The decision flow diagram, as shown in figure 9, the case where first step assesses convergence exponent: if alarm sequence is not to receive
It holds back, still, does not also have Temporal dependency, then being also effective to abnormality detection based on the method for distribution.
Figure 10 is a kind of schematic diagram of the information security abnormality detection based on distribution of the present invention, including Real-time Alarm
Module, history alarm module, offline abnormality detection modeling module, online abnormality detection module, and knowledge base.
The Real-time Alarm module receives reported from various safety equipments by agreements such as SNMP, syslog in real time
Alarm, and be sent respectively to history alarm module and the abnormal on-line checking model module based on distribution.
The history alarm module, can be used as the backup of alarm time sequence, or offline secure attack is abnormal
Detection model module provides alarm data.
The offline abnormality detection modeling module to the alarm time Series Modeling, and provides the exception based on thresholding
The guide of detection method, the method for detecting abnormality based on recurrence and the method for detecting abnormality based on random distribution.It is described to be based on dividing
The method for detecting abnormality of cloth, by calculate in real time median m, interquartile-range IQR iqr, interval of events k, cycle T,WithSituation is come
Decide whether to select the information security method for detecting abnormality based on distribution.

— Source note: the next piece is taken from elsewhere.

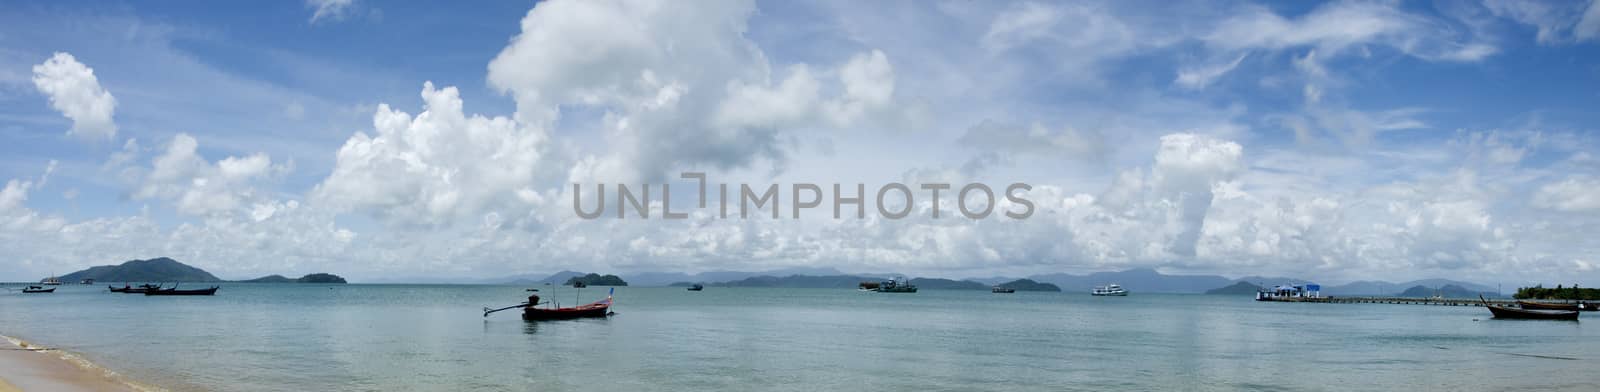 Panorama view at Pha Yam island, Thailand

The online abnormality detection module detects to real-time online Real-time Alarm module institute using the method based on distribution
The exception of report and alarm time series, also, will test result and be reported to related display module or safety analysis's teacher work further
Ground processing.
The knowledge base stores various statistical parameters, method for detecting abnormality and its application scenarios etc..
The foregoing is merely presently preferred embodiments of the present invention, practical range not for the purpose of limiting the invention;It is all according to this
Equivalence changes made by inventing and modification, are considered as the scope of the patents of the invention and are covered.